La eterna encrucijada del Sistema Previsional – El Germen FCE|UBA

Entrevista a Oscar Cetrángolo

Producción: Milagros Pinelli Chicou

Existen diferentes diagnósticos en cuanto a cuáles son los principales problemas del Sistema de Jubilaciones y Pensiones. Oscar Cetrángolo, docente de Finanzas Públicas en la UBA e investigador del Instituto Interdisciplinario de Economía Política (IIEP), es una referencia en materia previsional. Afirma que hoy el problema no es de cobertura ya que toda persona mayor percibe algún tipo de ingreso dentro del sistema; en efecto, a partir de la recuperación de los fondos jubilatorios por parte del Estado y de las diferentes moratorias a partir de 2006, la cobertura aumentó hasta quedar en torno al 90% de la población de referencia.
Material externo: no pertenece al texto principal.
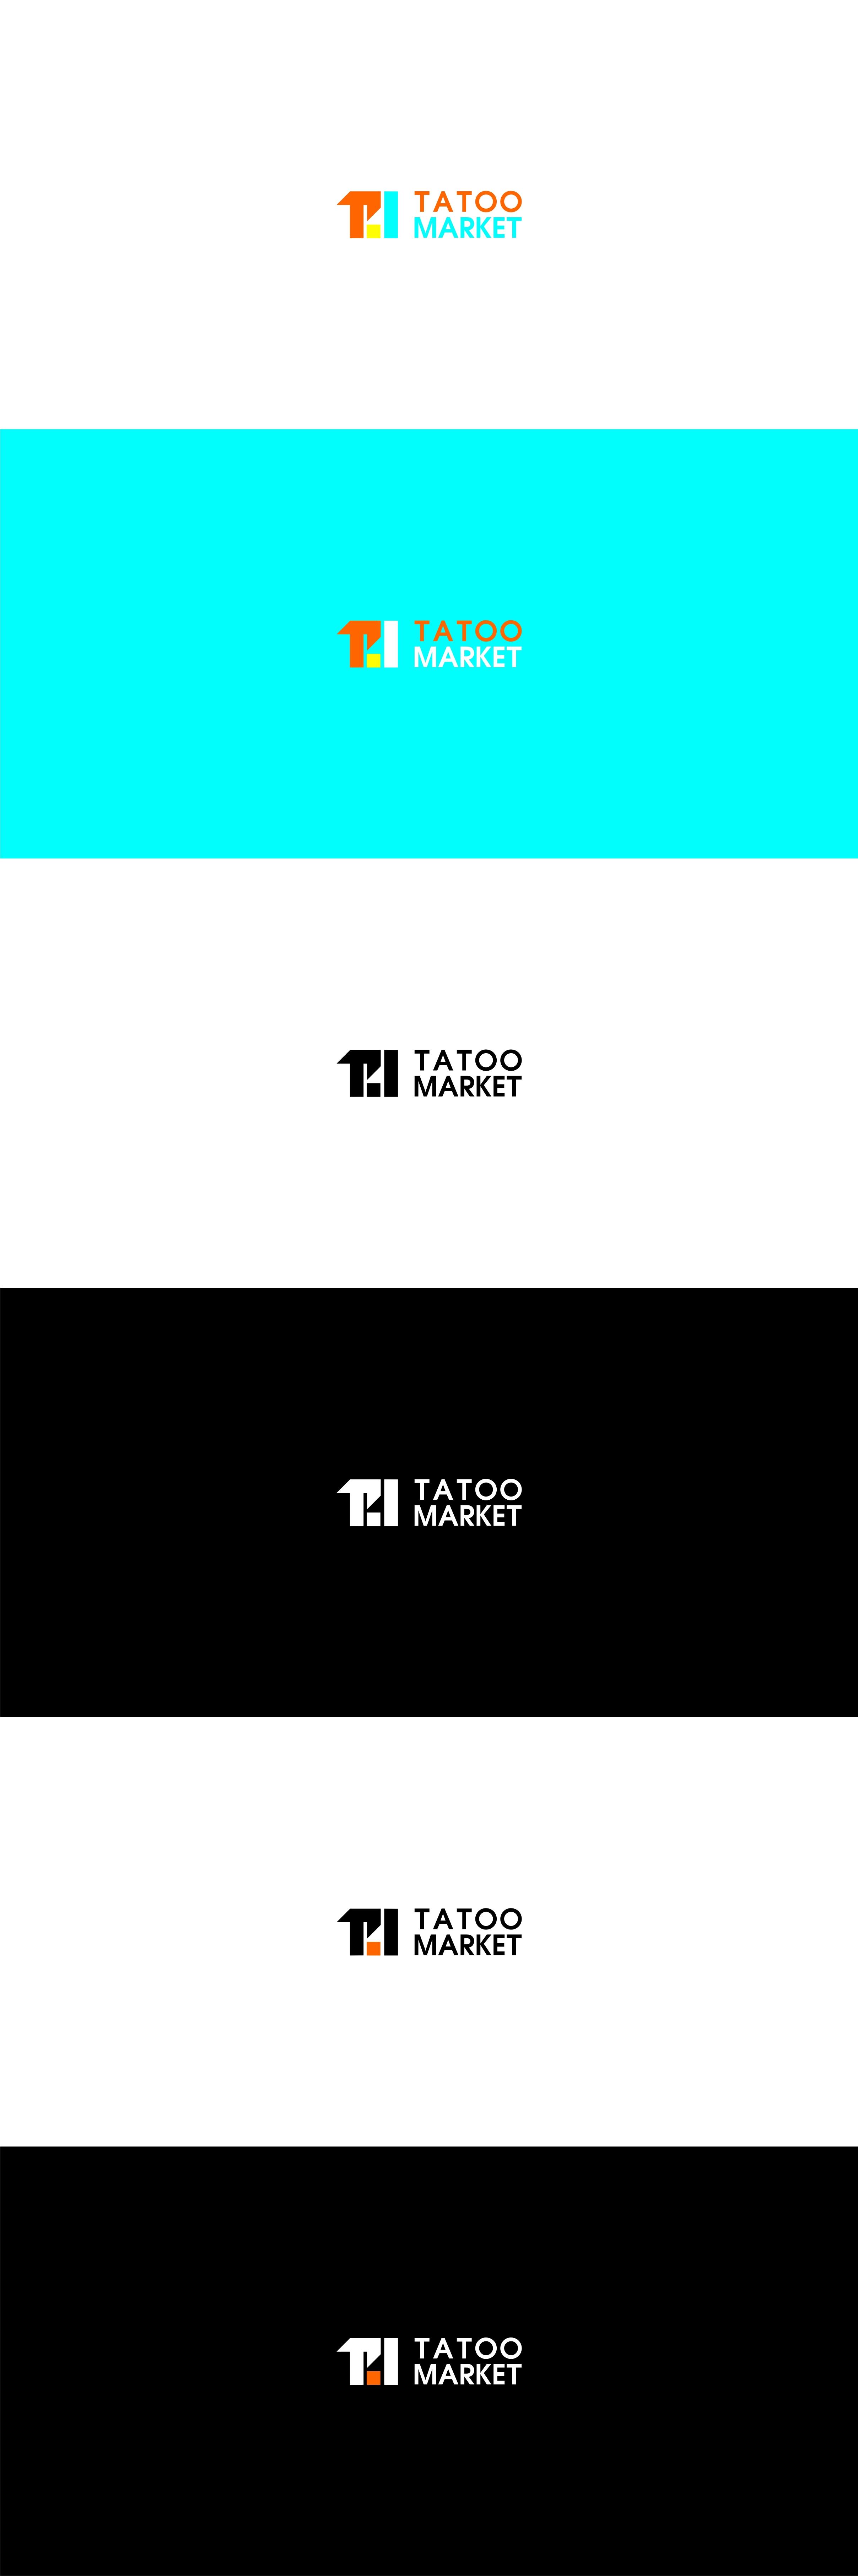 Редизайн логотипа магазина тату оборудования TattooMarket.ru фото f_4415c40752898895.jpg

Los problemas que sí se mantienen en la actualidad según el profesor son de financiamiento y sostenibilidad ya que existe una gran cantidad de beneficiarios para pocos aportantes. Además, agrega, cuestiones coyunturales como el fallo de la Corte Suprema que devolvió fondos coparticipables a las provincias (por el que el SIPA perdió recursos tributarios) y la reducción de las contribuciones patronales en 47 sectores agravan las dificultades.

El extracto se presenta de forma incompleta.